Маруся ничего не ответила. Она знала характер младшей дочери – взрывной, несдержанный. Вроде бы дочь и ничего сказать обидного не хочет, а получается почти оскорбительно. Младшенькая плохо окончила школу – было много троек. В институт она поступила благодаря старым связям – опять же друзья Петра Никаноровича помогли. Но и в институте, легком, гуманитарном, в котором мало-мальски образованный и начитанный человек может учиться почти на «отлично», она умудрялась иметь проблемы.
Вставать она любила поздно, собиралась не спеша, словно и не надо было успевать на первую пару. Она и не успевала. Она приезжала ко второй паре – у нее было полно приятелей, с которыми она любила поболтать в коридорах института. Еще не отсидев лекции, она уже договаривалась о встрече вечером. Любимое кафе «Московское» на улице Горького и ресторан «София» на Маяковке – в этих двух местах она больше всего любила бывать. Нельзя сказать, что Маруся не баловала дочь деньгами – она выдавала ей в месяц пятнадцать рублей. По тем временам это было очень прилично. Если же Младшенькой удавалось нормально сдать сессию и получить в семестре стипендию, то ее она тратила моментально. Сорок рублей, на которые многие жили месяц, для нее были пустяком. «Что такое наша стипендия? – любила говорить она. – Это две пары приличных трусиков и две хорошие комбинации!» Она любила красивое белье. На него она деньги и тратила. При этом кафе, рестораны и хорошие импортные вещи, которых в то время в магазинах практически не было, – все это ей было доступно. Что-то через знакомых доставала Маруся, что-то сама Младшенькая покупала у спекулянтов, что-то ей дарили. А она, не стесняясь и не обременяя себя соображениями долга, подарки принимала. Ее, красивую, модно одетую девушку, часто приглашали в рестораны, в гости, где собирались известные люди. Маруся взволновалась, когда увидела ее в компании молодого человека, сына известного актера.
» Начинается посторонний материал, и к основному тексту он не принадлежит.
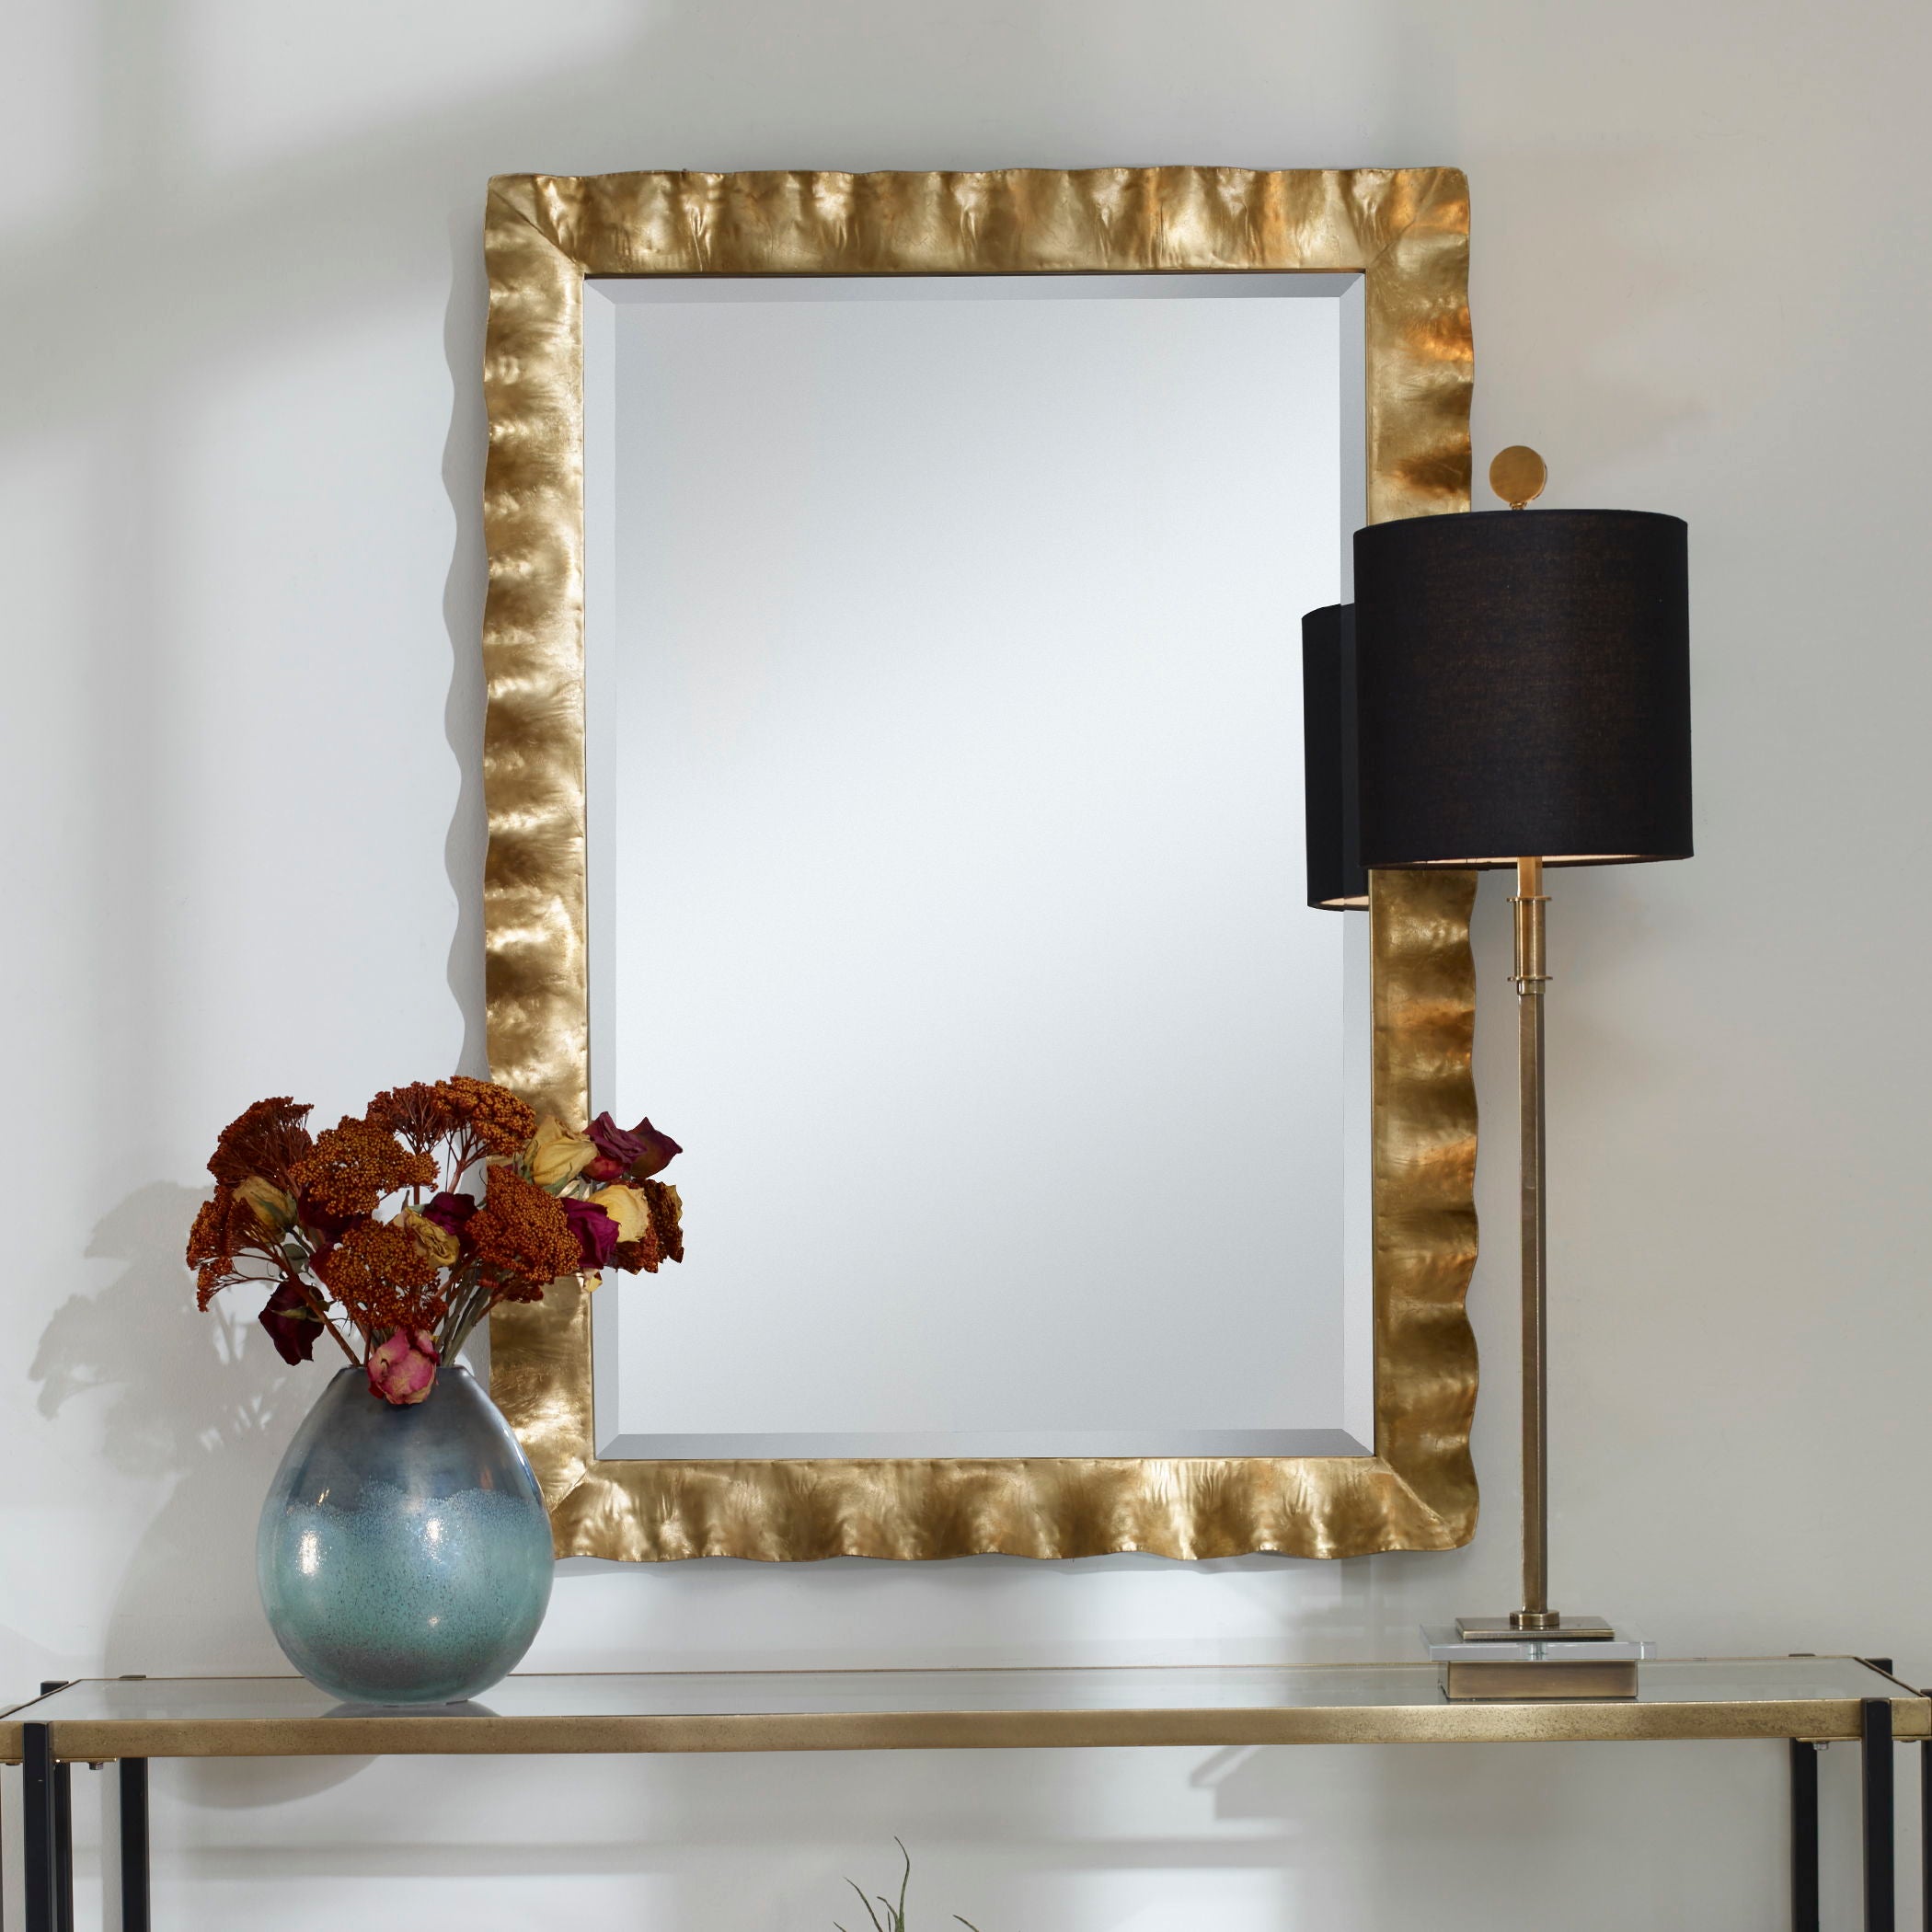 Haya - Scalloped Mirror - Gold

– Он старше. И вообще мне бы хотелось, чтобы ты водилась с другими ребятами.
– Это с какими? – Младшенькая улыбнулась.
– Ну… – Маруся замешкалась с ответом, и дочь ее опередила:
– Мама, Лукин уже занят. А других положительных я что-то не вижу!
Впрочем, этот внешне легкомысленный образ жизни сочетался с вещами вроде бы несовместимыми. Например, с чтением серьезной литературы. Младшенькая следила за всеми новинками и читала толстые журналы. Она любила классическую музыку и обязательно водила мать на концерты. Для Маруси это был праздник – в эти вечера ей казалось, что младшая дочь становится опять той уязвимой и не очень в себе уверенной девочкой, которую надо поддержать и которая не отвергнет этой помощи. Младшенькая изучала английский. Как это ни смешно, именно с учебников Вадима Сорокко началась ее любовь к языкам, и вскоре обнаружилось, что, кроме любви, есть еще и способности. В институте она не ходила на пары иностранного языка, вечно препиралась из-за этого в деканате, но зато запоем читала в оригинале детективы, изданные зарубежными издательствами.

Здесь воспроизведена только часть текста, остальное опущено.